= Kalisto Lado =

South Sudanese lawyer and politician

Kalisto Lado is a South Sudanese lawyer and politician. He is the former mayor of the Juba City Council. He was appointed as Mayor of the JCC by the governor of Central Equatoria State, Emmanuel Adil in March 2021. He was shortly axed from his position by the state governor, Emmanuel Adil.

Kalisto also served as press secretary in the office of vice president, James Wani Igga.

== Arrest ==
In March 2024, Kalisto was arrested by security agents at his house in Juba and detained for nearly 6 months under unclear circumstances.

In August, Vice President Dr.

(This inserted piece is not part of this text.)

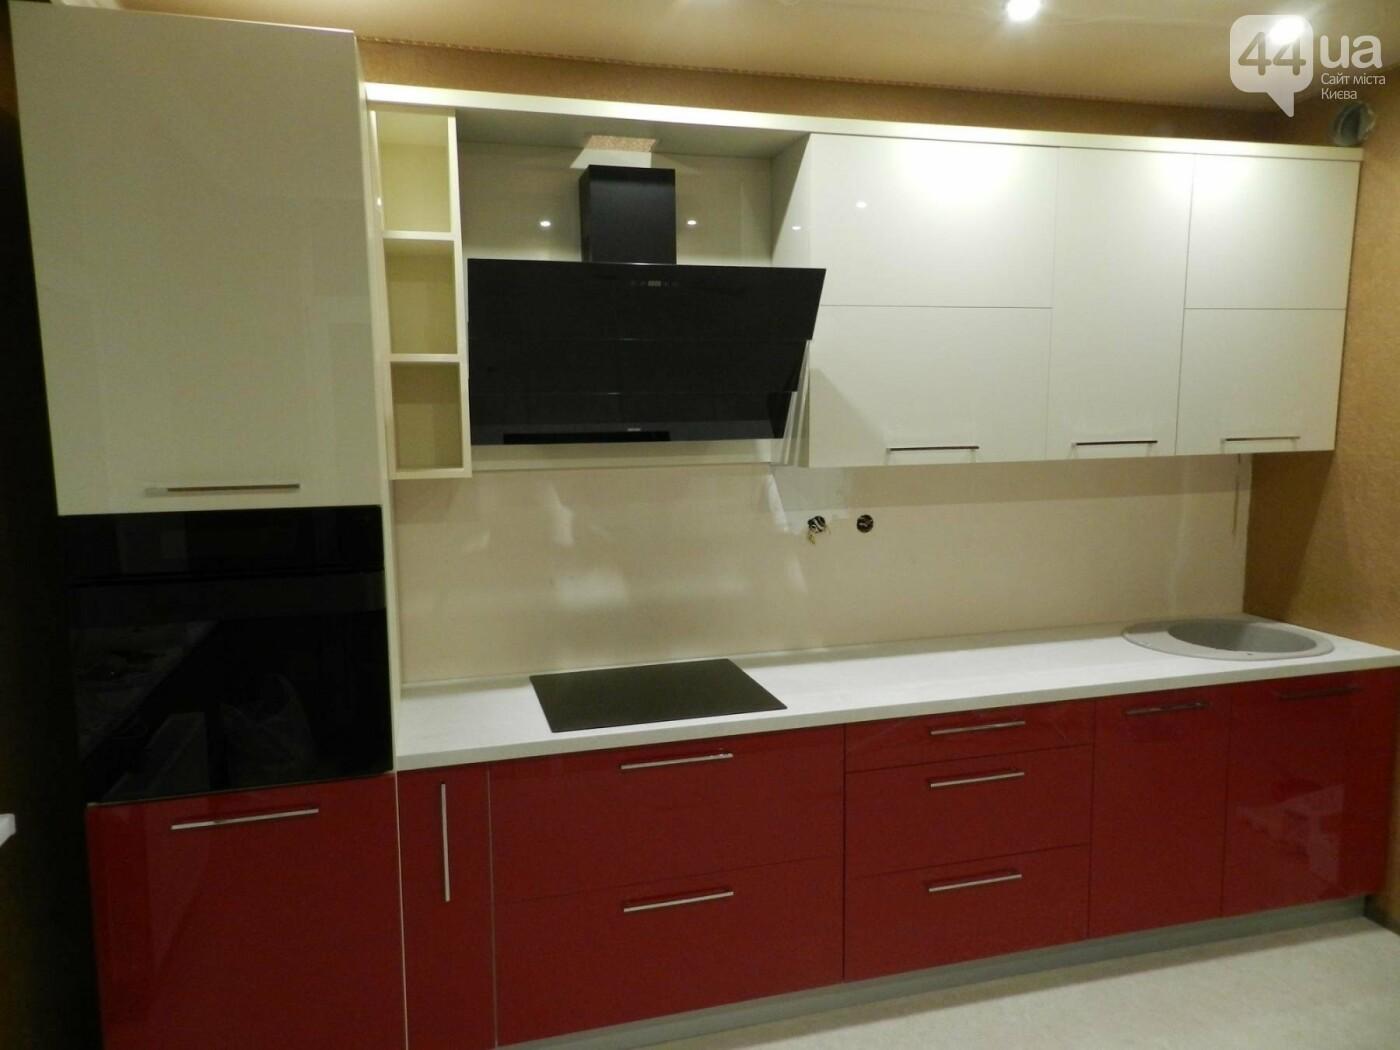 Обзор мебельных компаний Киева: какую мебель выбрать?, фото-78

James Wani Igga disclosed that the government ordered the arrest of the lawyer and former mayor.

In April, a month after Kalisto's arrest, his legal advocate reported being threatened by unknown security personnel asking him to withdraw a lawsuit at the East African Court of Justice, demanding the release of his colleague.

In June, a lawyer representing Kalisto at the Pan African Law Chamber revealed that the South Sudan government had charged the former mayor with attempts to overthrow the government, supplying weapons, and conspiracy.

== Release from detention ==
In September 2024, the National Security Service released Kalisto after a 6-month detention without any formal trial.